The Westfall Act was passed in 1988 as an amendment to the Federal Tort Claims Act “to protect federal employees from personal liability for common law torts committed within the scope of their employment, while providing persons injured by the common law torts of federal employees with an appropriate remedy against the United States.” After Westfall, the government assumed legal responsibility for suits filed against federal employees, effectively blocking attempts to hold individual officials accountable.
That law was used by attorneys general in both the Bush and Obama administrations to attempt to absolve senior Bush officials of liability for their alleged role in crimes and to make the government liable. On June 26, 2009, Assistant Attorney General for the Civil Division Tony West wrote that “the type of activities alleged against the individual defendants were ‘foreseeable’ and were ‘a direct outgrowth’ of their responsibility to detain and gather intelligence from suspected enemy combatants.” In defending the government’s position, West cited case law, stating “genocide, torture, forced relocation, and cruel, inhuman, and degrading treatment by individual defendants employed by Department of Defense and State Department were within scope of employment,” and similar cases justifying CIA torture as part of official duty.
It really was an astonishing admission from the Obama Justice Department: Genocide, torture, and forced relocation are just part of the job for some American officials. (West is Vice President-elect Kamala Harris’s brother-in-law and a contender for the attorney general position under Biden).
Trump famously boasted that he “could stand in the middle of Fifth Avenue and shoot somebody and I wouldn’t lose voters.” That is probably true for much of his base. But it is also true that Trump — or any U.S. president for that matter — could intentionally carpet bomb civilian neighborhoods in foreign countries and not face an indictment.
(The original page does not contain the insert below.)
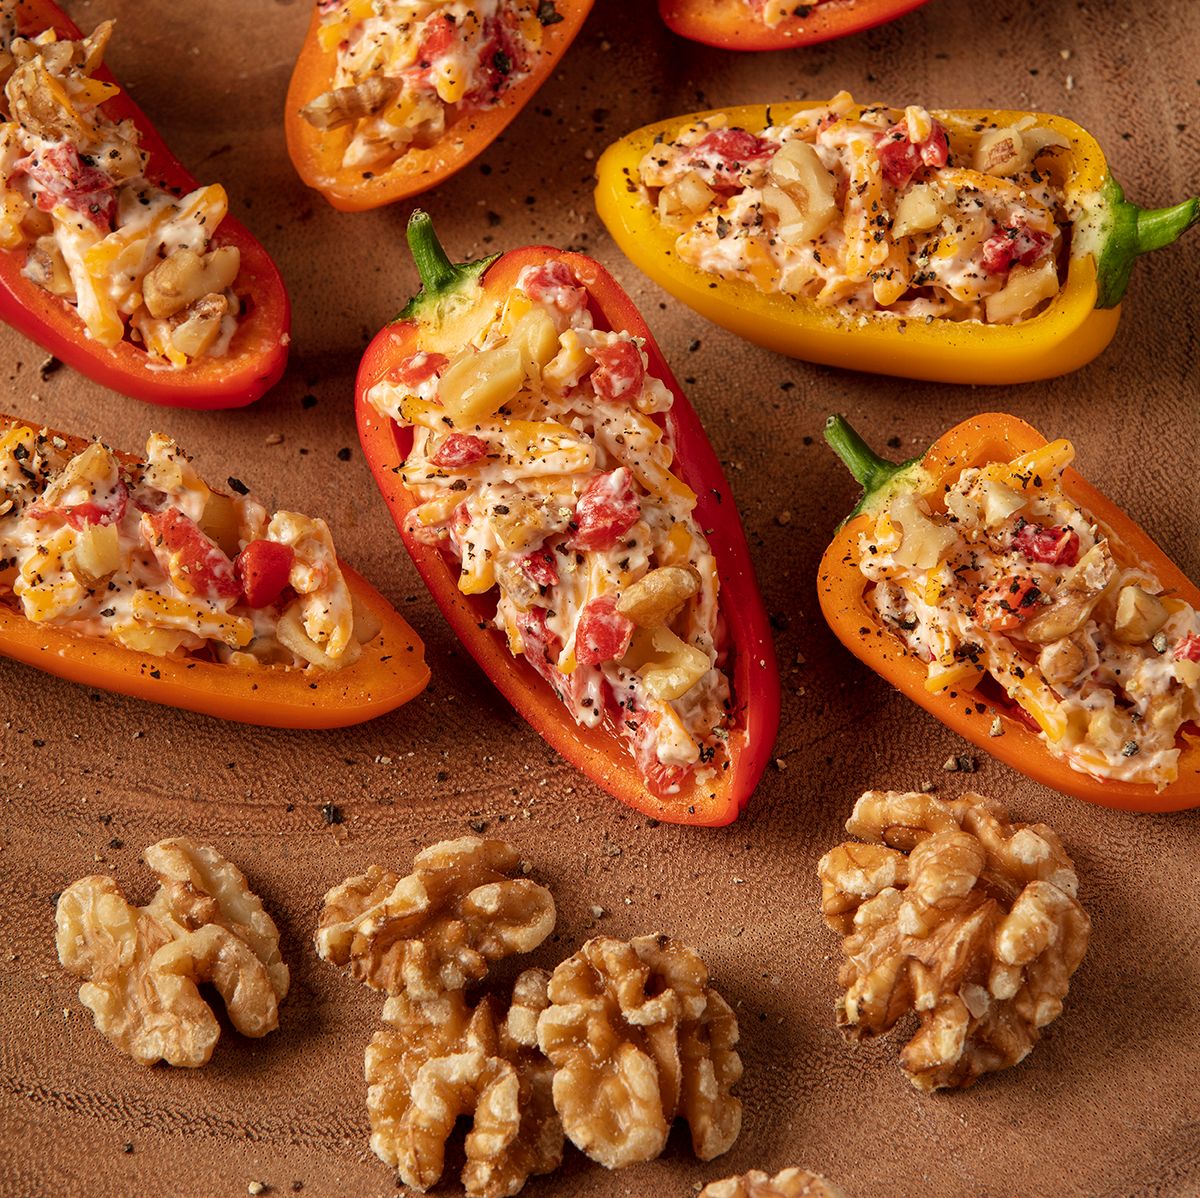 #StuffedPeppers – A tried and true #appetizer for #summerparties. These beauties are stuffed with cream cheese, sharp cheddar cheese, #pimentos and chopped #MarianiWalnuts. Finish them off with a healthy dusting of fresh ground pepper.

It is safe to assume that Trump will not face trial for any war crimes he committed as president. And if he or his minions are sued by victims of torture or extrajudicial killing, the Biden Justice Department will almost certainly intervene to stop it, just as Obama did for Bush’s people. There will undoubtedly be years of attempts to prosecute Trump and other officials and family members on a whole range of charges in a variety of jurisdictions. Trump should be held accountable for any crimes he committed in office. But ignoring — or absolving — crimes of war will remain a central component of the myth of American exceptionalism. Like most nations the world over, including despotic and anti-democratic regimes, the U.S. system is geared toward justifying the worst crimes of its leaders.